On Sep 22, 2008, at 9:13 AM, Freek Dijkstra wrote:
Anand Patil wrote:
Of course this is subject to OGF applying for and getting the top level urn:ogf from IANA. We have successfully got urn:geant for the our community [id 31; RFC4926]
Thanks for the pointer!
If there is consensus that we indeed should use URNs for identifiers, The way forward, it seems is: 1. Decide if we really like to use URNs. (If not, the OGF can still ask for delegation of urn:ogf, but I probably am less inclined to give it much effort). 2. Ask the OGF standardisation area director for his opinion (Chris Smith and David Snelling) and/or infrastructure area directors ( 3. Involve the OGF liaison to the IETF (Cees de Laat) 4. Get people to write an Internet draft and/or OGF document describing its use). I'm willing to contribute, but only if we decide on using URNs.

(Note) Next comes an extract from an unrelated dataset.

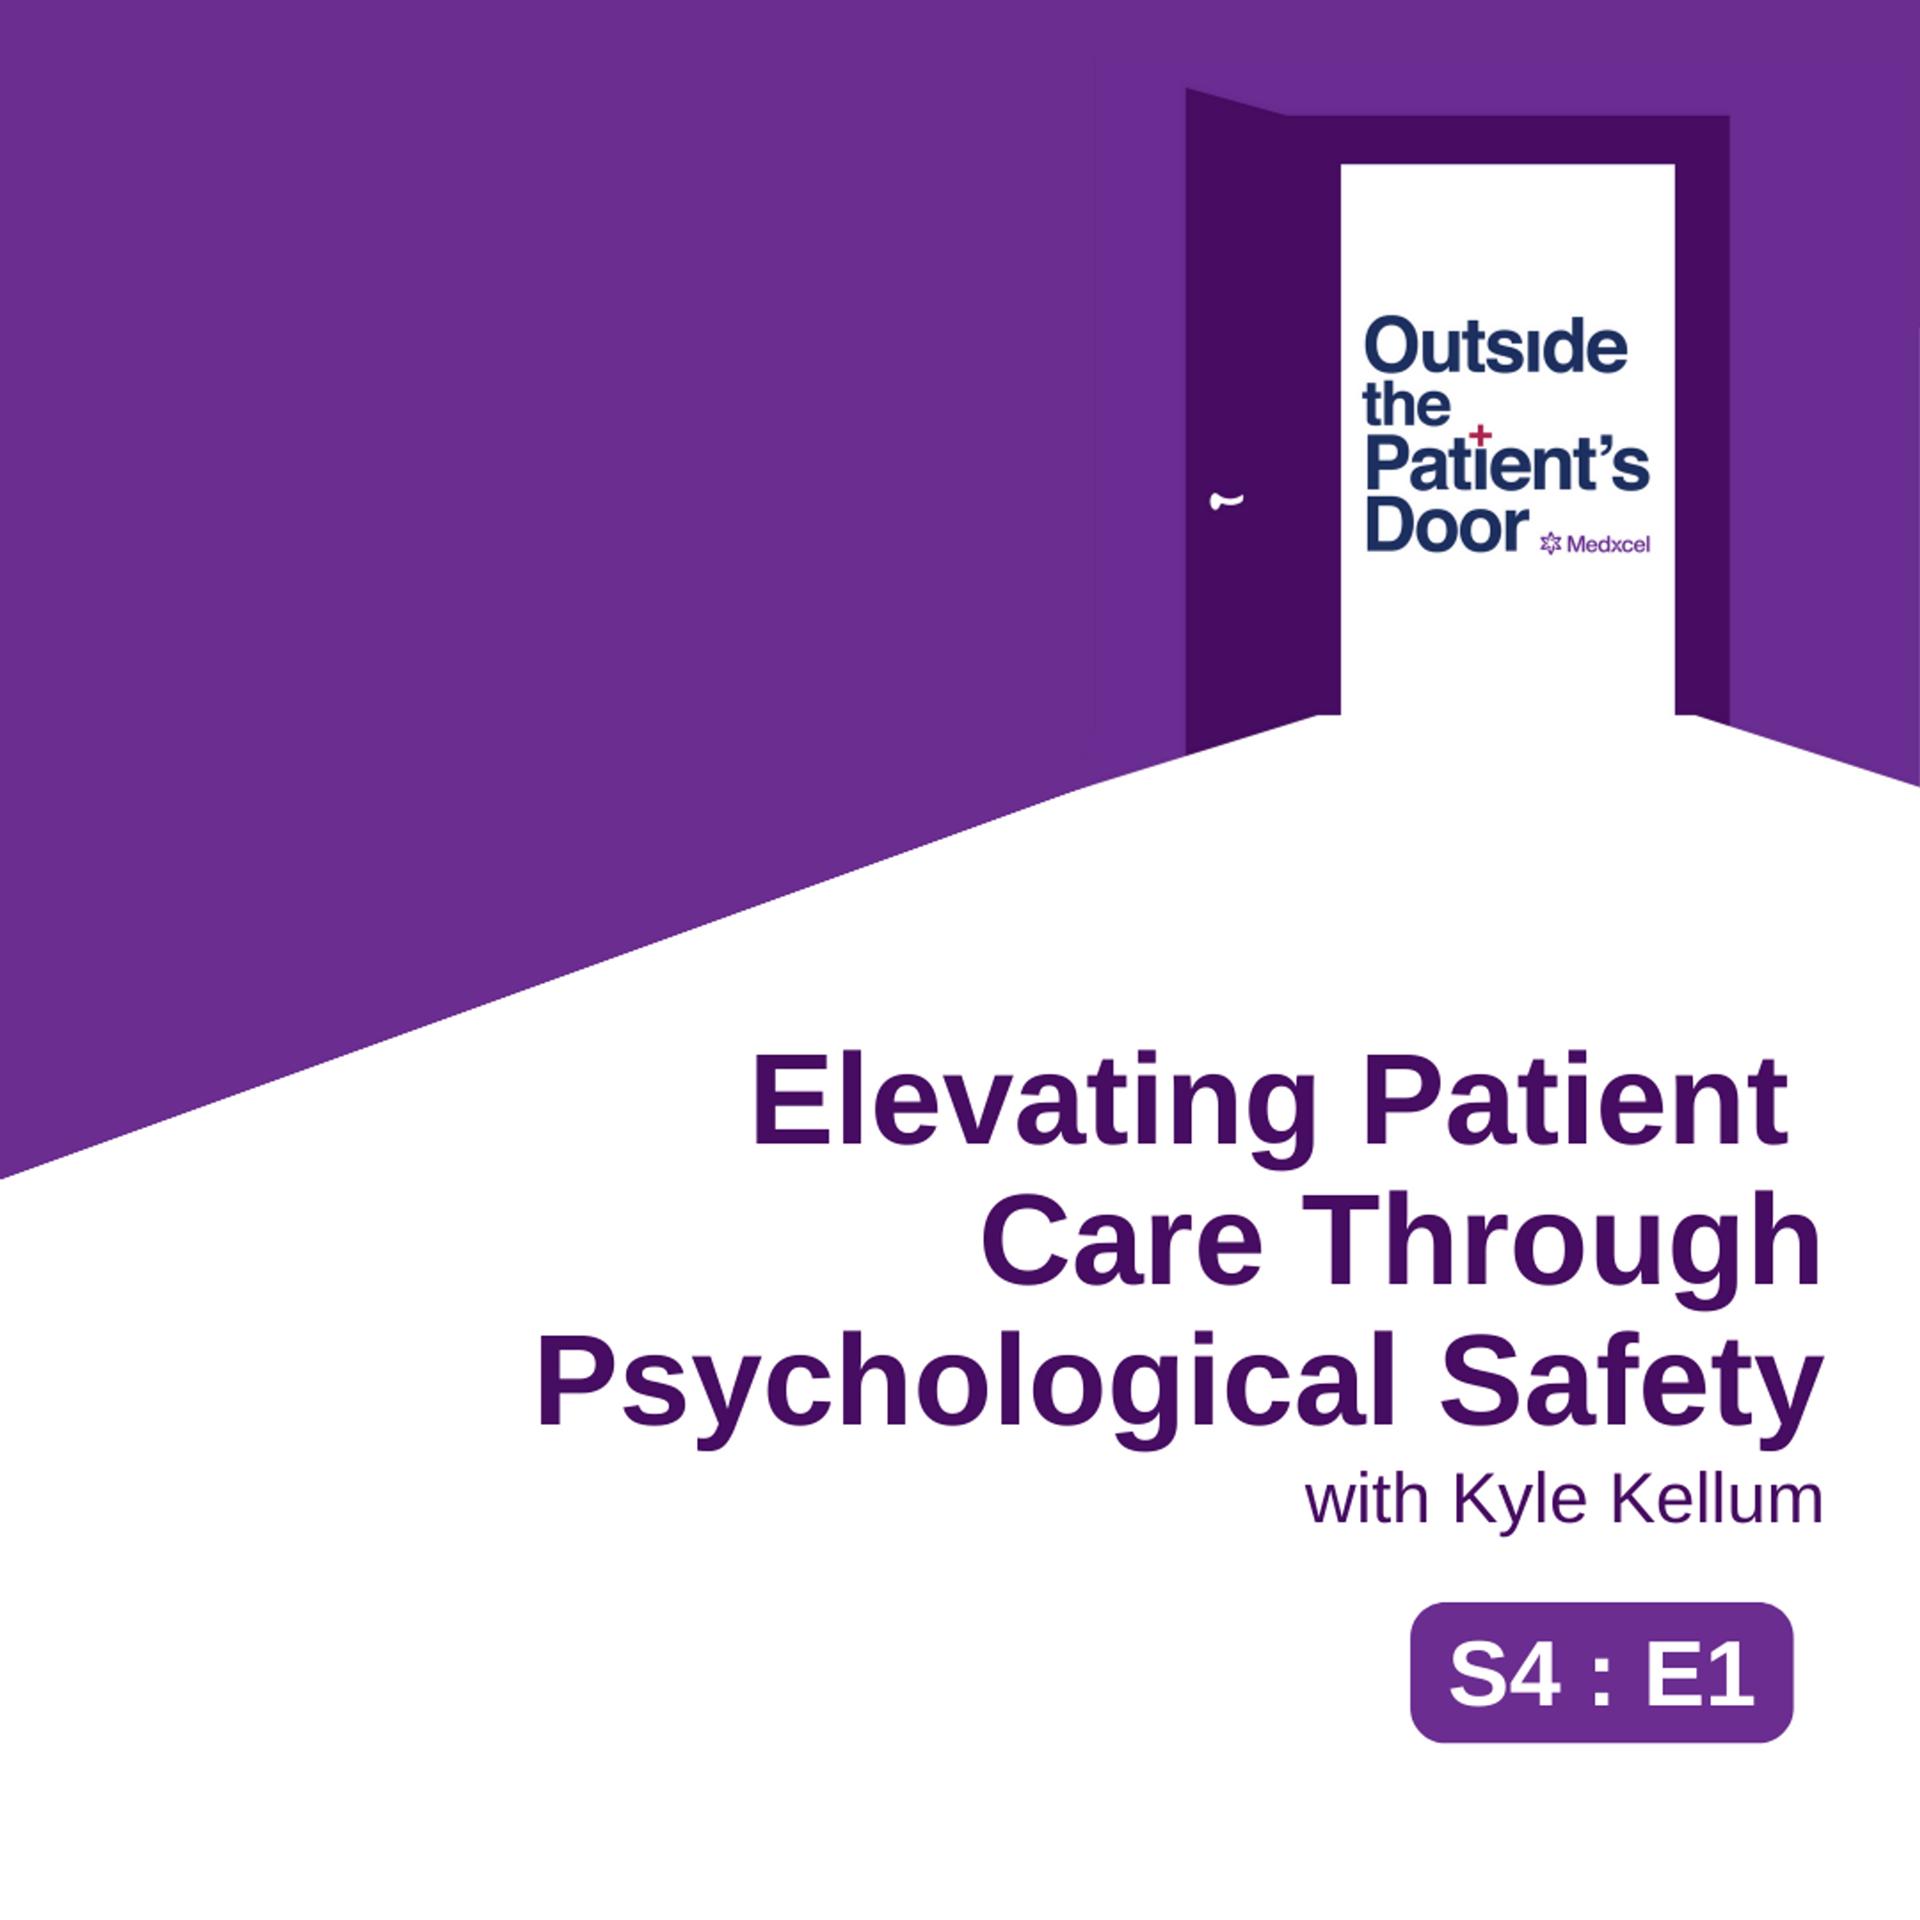 S4 E1: Elevating Patient Care Through Psychological Safety with Kyle Kellum

So first things first: - Do we want to use URNs (e.g. urn:ogf:network or urn:ogf:nml) for identifiers of the classes we define? - If not, do we want to use URIs as identifier? - If not, are there other potential identifiers to use?
Note: I'm explicitly talking about the identifiers of the classes (e.g. "network", "layer"), not about identifiers for instances.
So far, we have a small "yes" from me, and a large "yes" from Anand. Martin, Jeroen, Aaron, John, Victor, others: what do you think?
For the class definitions themselves, I think it makes sense to use URIs a la namespaces so we could put some documentation at the specified URL. For the identifiers for individual instances, I think the URNs make more sense since it doesn't imply a specific method of access to get information about the element.
2. If we get a YES for OGF applying for urn:ogf, then the question is what do we do meanwhile. 2a. Use URN under the assumption that OGF will eventually get it
My preference. I don't think our schema will be finished much earlier than the delegation, so I rather not add an additional transition. I don't have reason to suspect that the delegation request will fail.